This year’s harvest has provided a perfect example for the theory of relativity. When I managed to get my seven acres of spring barley cut and baled (18 September), I complained about the yield, moisture content, low bushel weight, lack of straw, soft ground conditions and straw-broken nature of the overall crop.

Three weeks later, that same field suddenly looks like a roaring success story. Compared with a sizeable acreage of spring crop in this area, I am relatively well off, but I must remind myself that a bit of benchmarking in the winter will knock the shine off it and plunge me back into (relative) despair. I suspect this field will leave a gross margin that just about covers ground rent, and therefore the net margin will show a strong negative figure.

Yield was exactly two tonnes per acre at an average of 19% moisture. This was weighed when sold, and I can’t even hazard a guess at the price, because I didn’t ask how much barley is worth.

Perhaps that’s an indication of a bad businessman, although I wonder what good it would do to know just how poor the financial performance is likely to be. In the meantime, I prefer to relish that warm and glowing feeling that occurs when your harvest (no matter how small) is completed.

Straw

If there is anything to be pleased about, it is the quality of the straw (and the comfort of knowing I won’t have to go begging for it). At just over five 4x4 rounds per acre, yield was the lightest I can remember.

However, the shortness, allied to the brittle nature of the straw, will be a blessing in poultry houses and lambing pens this winter, and it should have a high soakability factor.

Everybody likes to see huge golden rows behind the combine, but that type of waxy material is far from ideal in lambing pens. Some of the fussy mothers (or ewes that take a dislike to one of their lambs) tend to constantly spin round in one direction and often end up with a back leg almost strangled by the pressure of a tightly wound straw rope.

Spray

Glyphosate was applied to most of the field on 25 August, and at that stage it was somewhere below 30% moisture (it certainly wasn’t near ready). Just over three weeks later, the whole field looked like it had been left for two months, with no hint of yellowness, just a shade of dull white that was beginning to blacken.

During those intervening days, spring barley (at least in this area) seemed to throw in the towel, and was rapidly collapsing (heads first) towards the soil. I suspect those whole heads of barley that are lost during combining don’t amount to much yield, even though it can look as if there’s a tonne to the acre left behind. The best plan is just to tell yourself it’ll provide a great bit of feeding for farmland birds during early winter (and pretend that crows and pigeons really don’t eat pickles of barley).

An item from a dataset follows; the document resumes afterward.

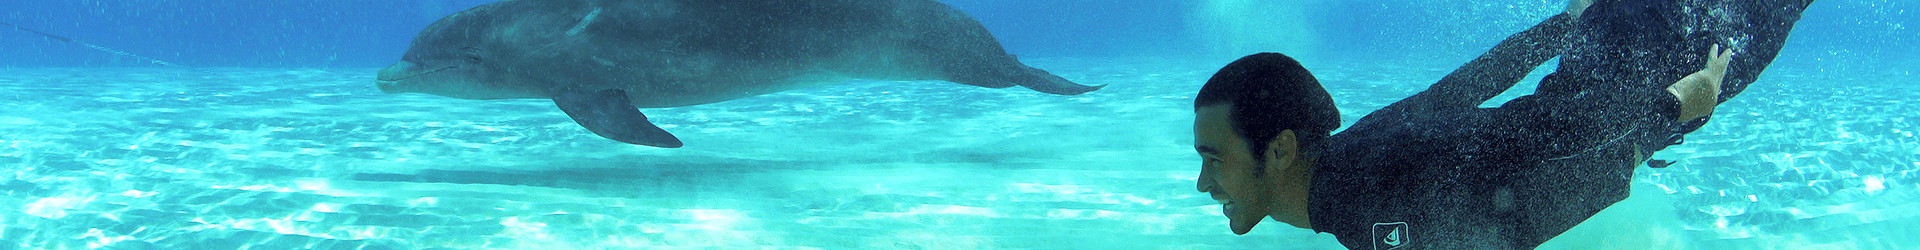 Sliderdolphin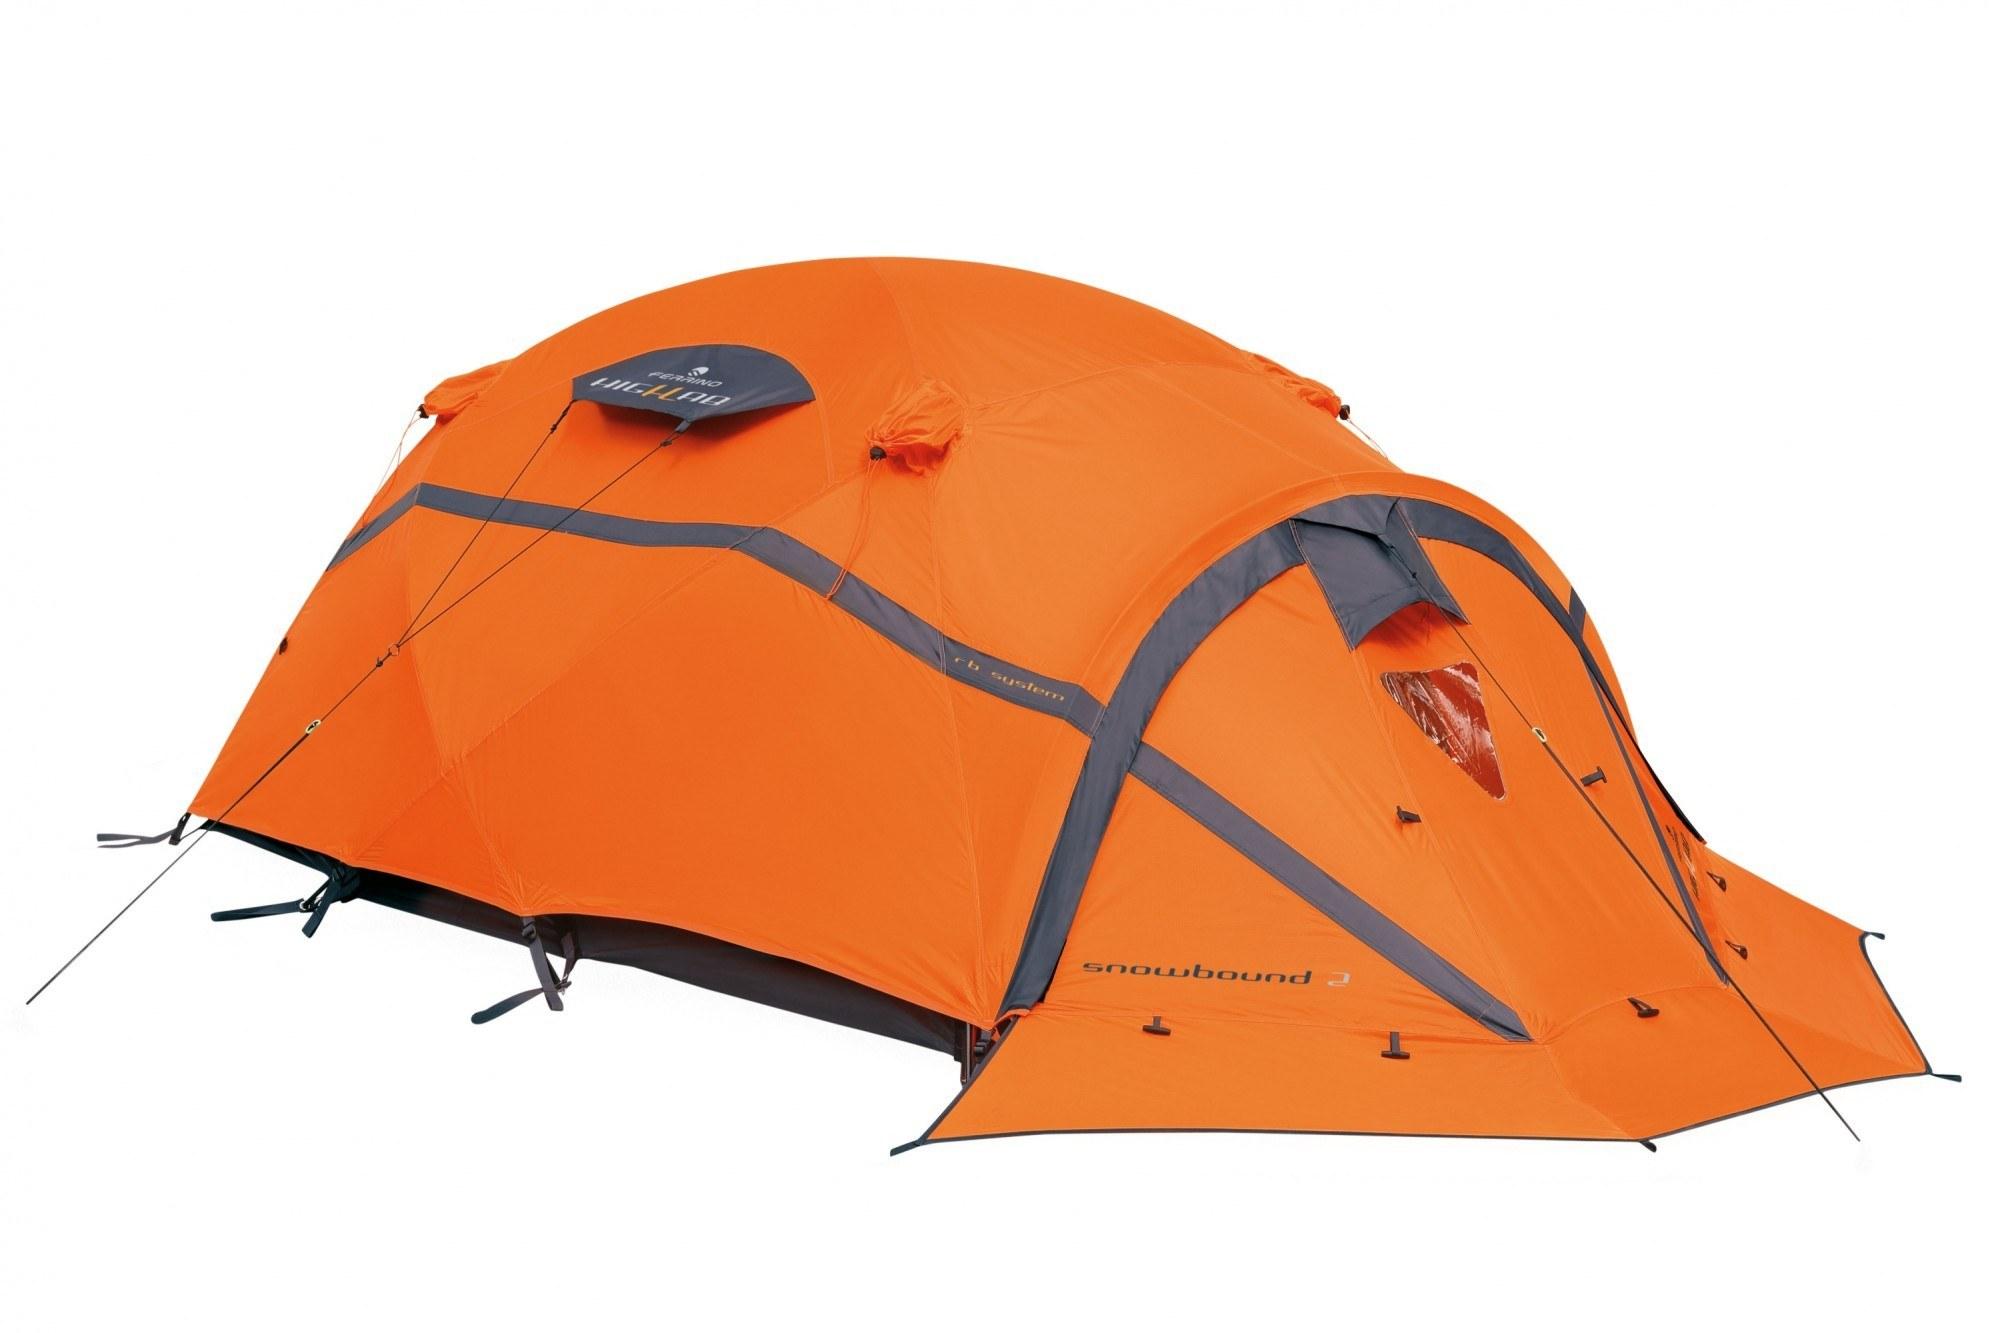 فرینو - چادر کوهنوردی فرینو (ایتالیا) SNOWBOUND 2 TENT

I wonder if a breakdown in disease control played a part, since the single application of fungicide (a hefty dose of Mobius) was applied on 2 June. Maybe that’s a mitigating factor in this crop’s demise, but other growers in the area reported the same issues even after follow-up sprays post ear emergence.

Prices

Some of the rumours concerning straw prices almost beggar belief, although my self-sufficiency makes this a paper exercise only. In addition, an astronomic price helps the barley margin, although it also has a detrimental effect on the recipient side (cattle, poultry, sheep).

I may have a few extra bales to sell in the springtime, but over the years it has proven wise to sell them at a relatively low price to local people who I’m friendly with. You can view that as neighbourliness, or perhaps it’s what is known in life as fishing with a long rod: either way, you never know when you’ll need that favour returned.